2. The adhesive composition of claim 1, further comprising at least one of a hindered amine light stabilizer and an anti-oxidant.
3. The adhesive composition of claim 1, wherein the benzotriazole is hydroxyphenylbenzotriazole.
4. The adhesive composition of claim 1, wherein the benzophenone is 2,2′-dihydroxybenzophenone.
5. The adhesive composition of claim 1, wherein the one of a benzotriazole and a benzophenone comprises between about 0.1 and about 5% by weight of the adhesive composition.
6. The adhesive composition of claim 1, wherein the base polymer comprises one of a polyester, polyurethane, polyurea, polyamide, silicone, polyolefin, acrylic block copolymer, rubber block copolymer or random (meth)acrylic copolymer.
7. The adhesive composition of claim 1, wherein the electrical conductors are based on metallic conductors.
8. The adhesive composition of claim 7, wherein the metallic conductors comprise silver or copper.
9. The adhesive composition of claim 7, wherein the metallic conductors are metallic nanoparticles, nanorods and nanowires.
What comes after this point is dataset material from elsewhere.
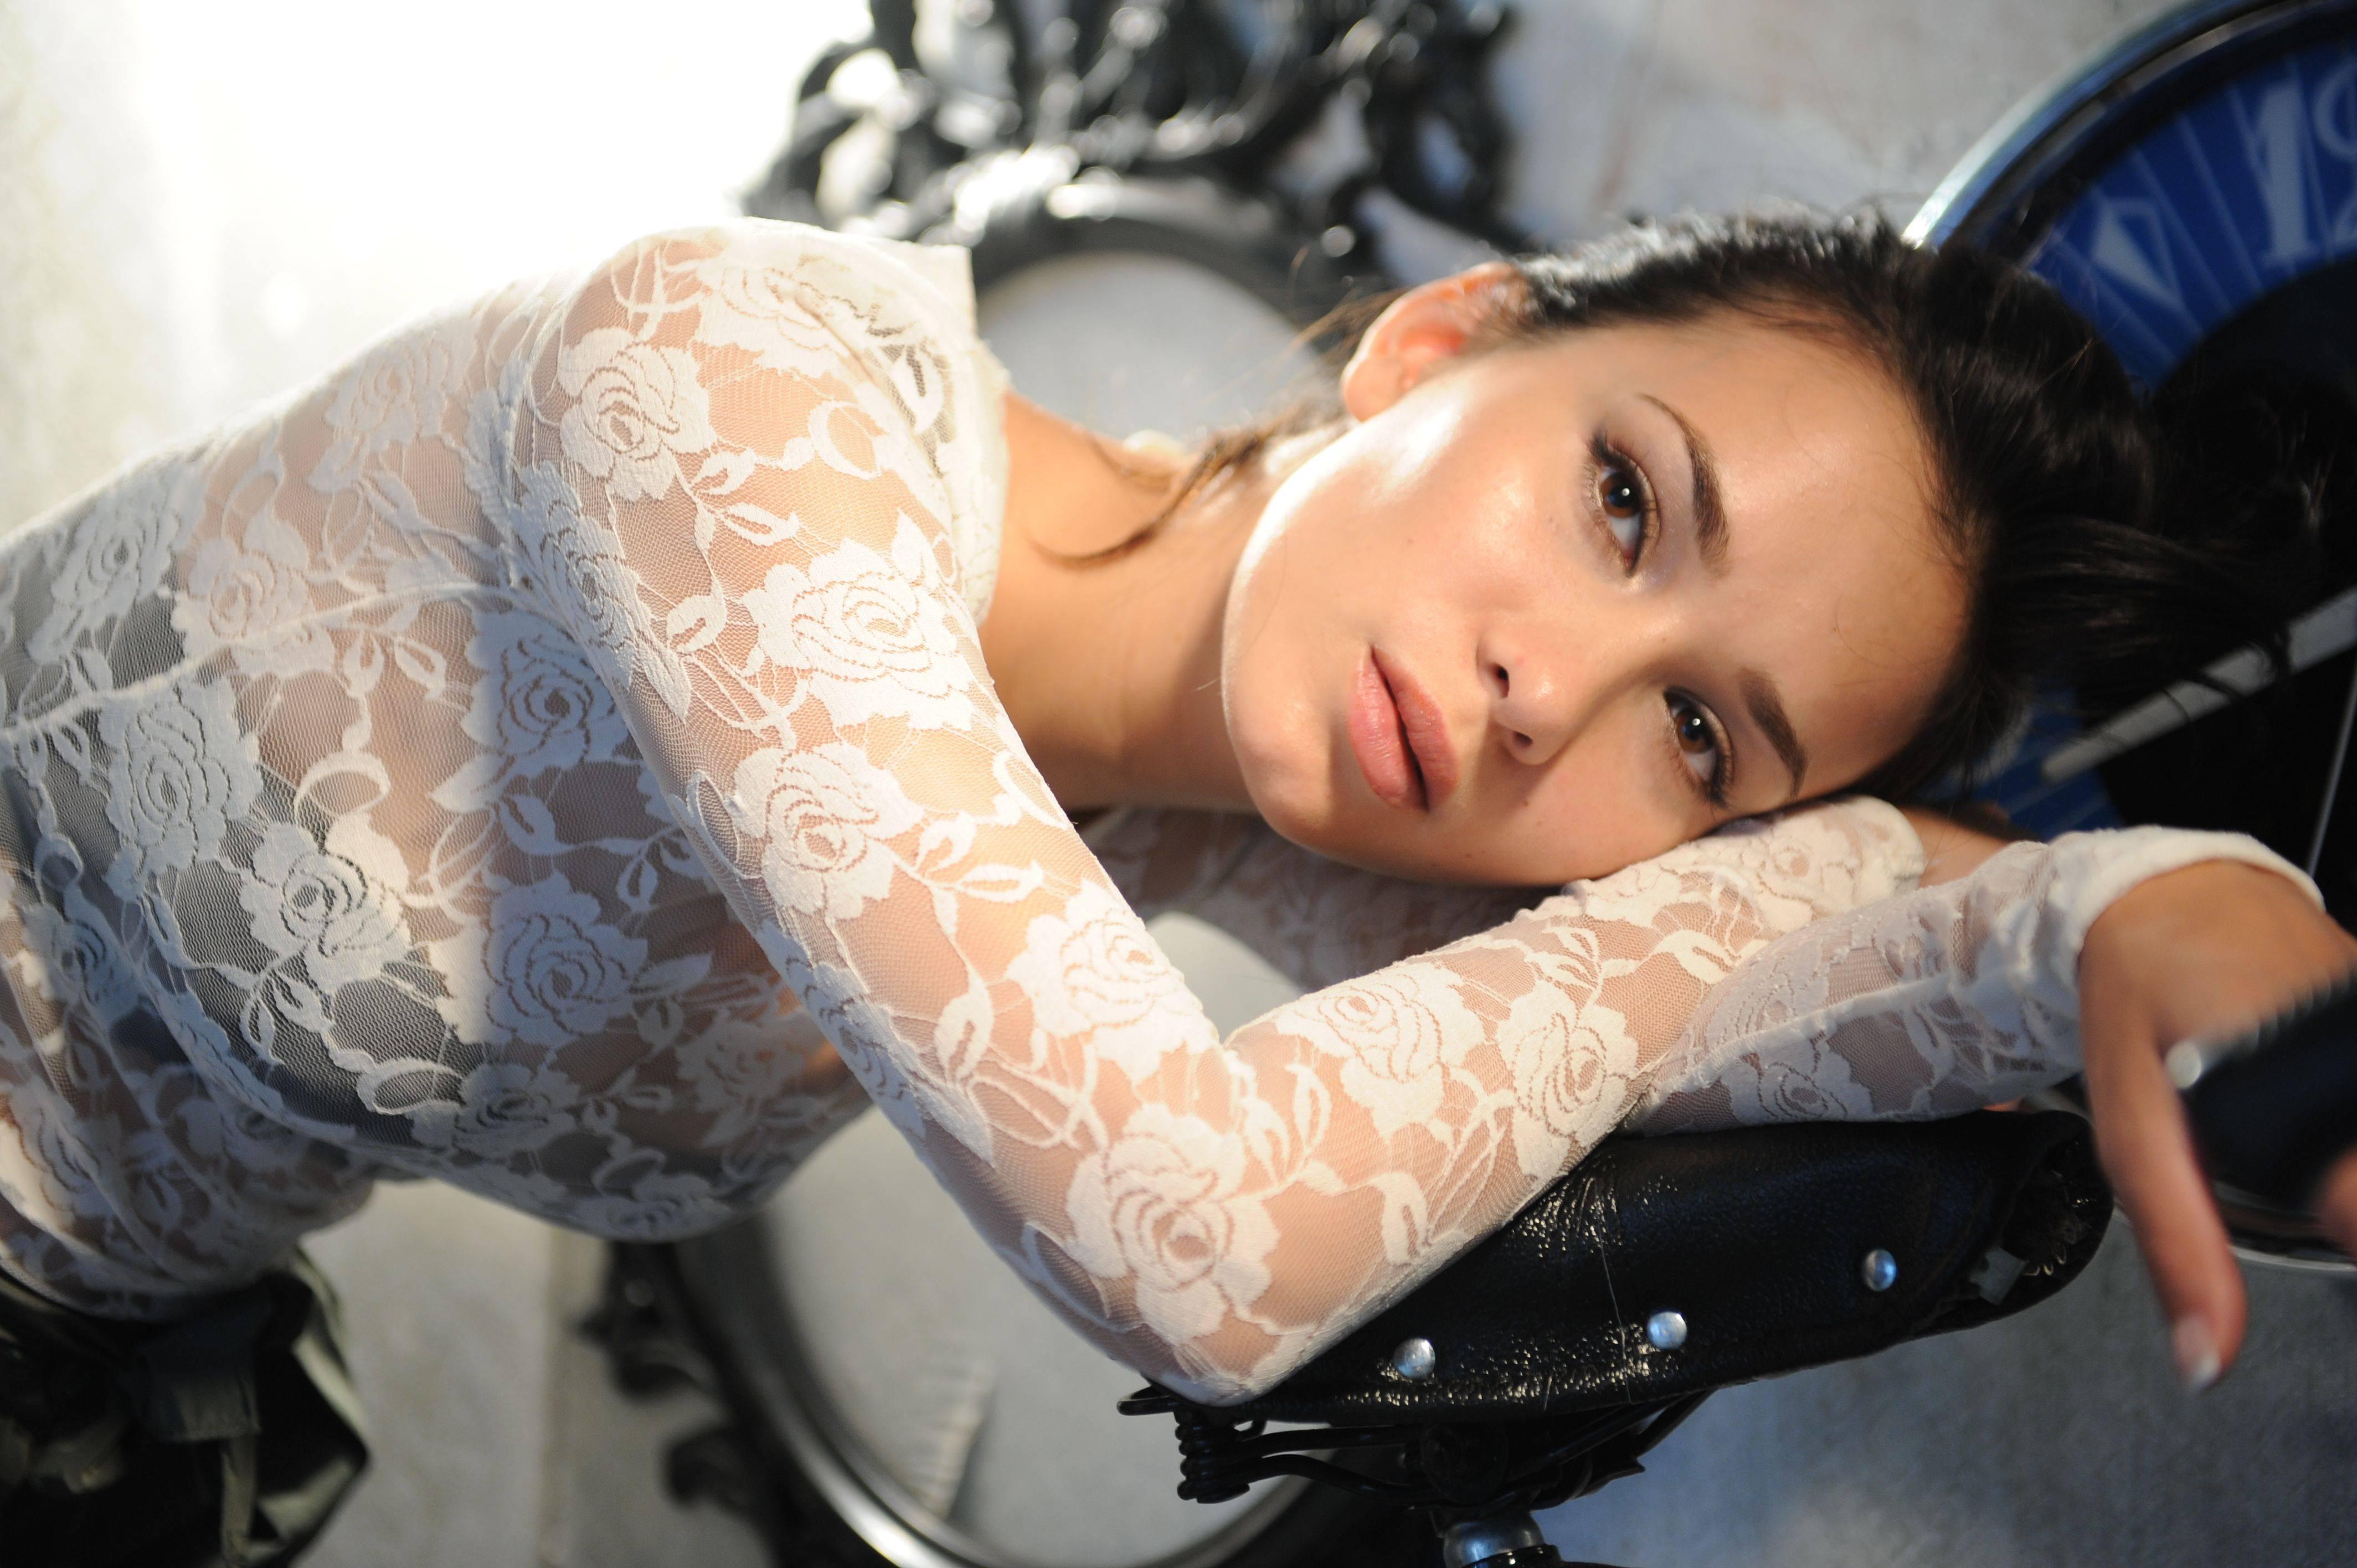 Celina Jade 4k, HD Celebrities, 4k Wallpapers, Images ...

10. The adhesive composition of claim 1, further comprising a crosslinker.
11. The adhesive composition of claim 1, wherein when the adhesive composition is coated on the electrical conductor, the electrical conductor has less than about a 10% change in electrical resistance over a period of about 500 hours of light exposure.
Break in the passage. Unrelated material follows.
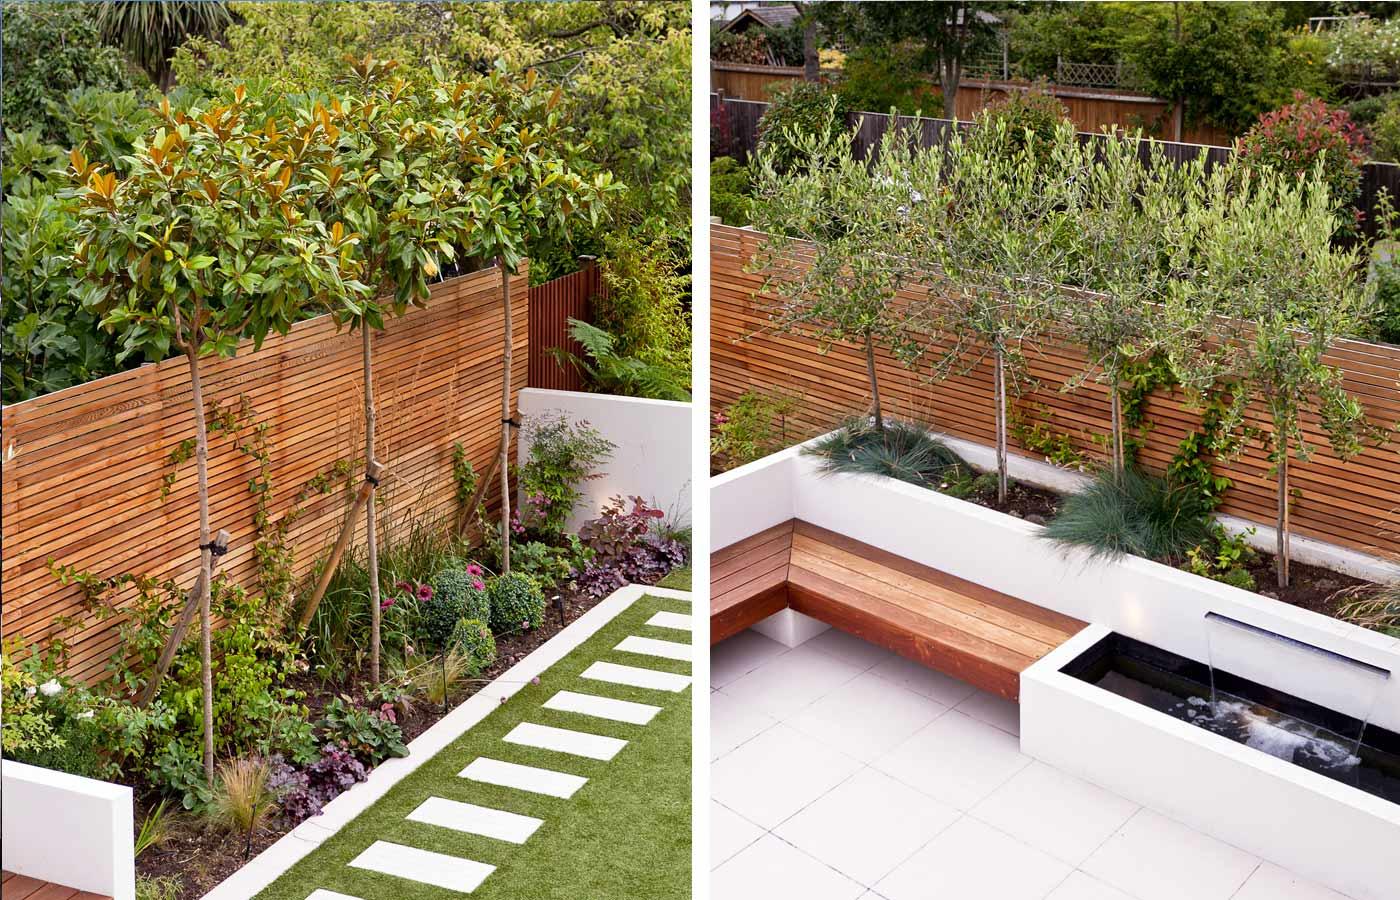 Long Thin Garden Design   Family Garden Design on Long Backyard Landscaping Ideas id=78870

12. A method of stabilizing an electrical conductor comprising:
providing an adhesive composition comprising:
a base polymer; and
an additive for absorbing UV light; and
coating the adhesive composition on the electrical conductor;
wherein when the adhesive composition is coated on the electrical conductor, the electrical conductor has less than about a 20% change in electrical resistance over a period of about 500 hours of light exposure.
13. The method of claim 12, wherein the additive for absorbing UV light comprises one of a benzotriazole and a benzophenone.
14. The method of claim 12, further comprising at least one of a hindered amine light stabilizer and an anti-oxidant.
15. The method of claim 12, wherein the additive comprises between about 0.1 and about 5% by weight of the adhesive composition.
16. The method of claim 12, wherein the base polymer comprises one of a polyester, polyurethane, polyurea, polyamide, silicone, polyolefin, acrylic block copolymer, rubber block copolymer or random (meth)acrylic copolymer.
17. The method of claim 12, wherein the electrical conductors are based on metallic conductors.
18. The adhesive method of claim 17, wherein the metallic conductors are metallic nanoparticles, nanorods and nanowires.
19. The method of claim 12, further comprising a crosslinker.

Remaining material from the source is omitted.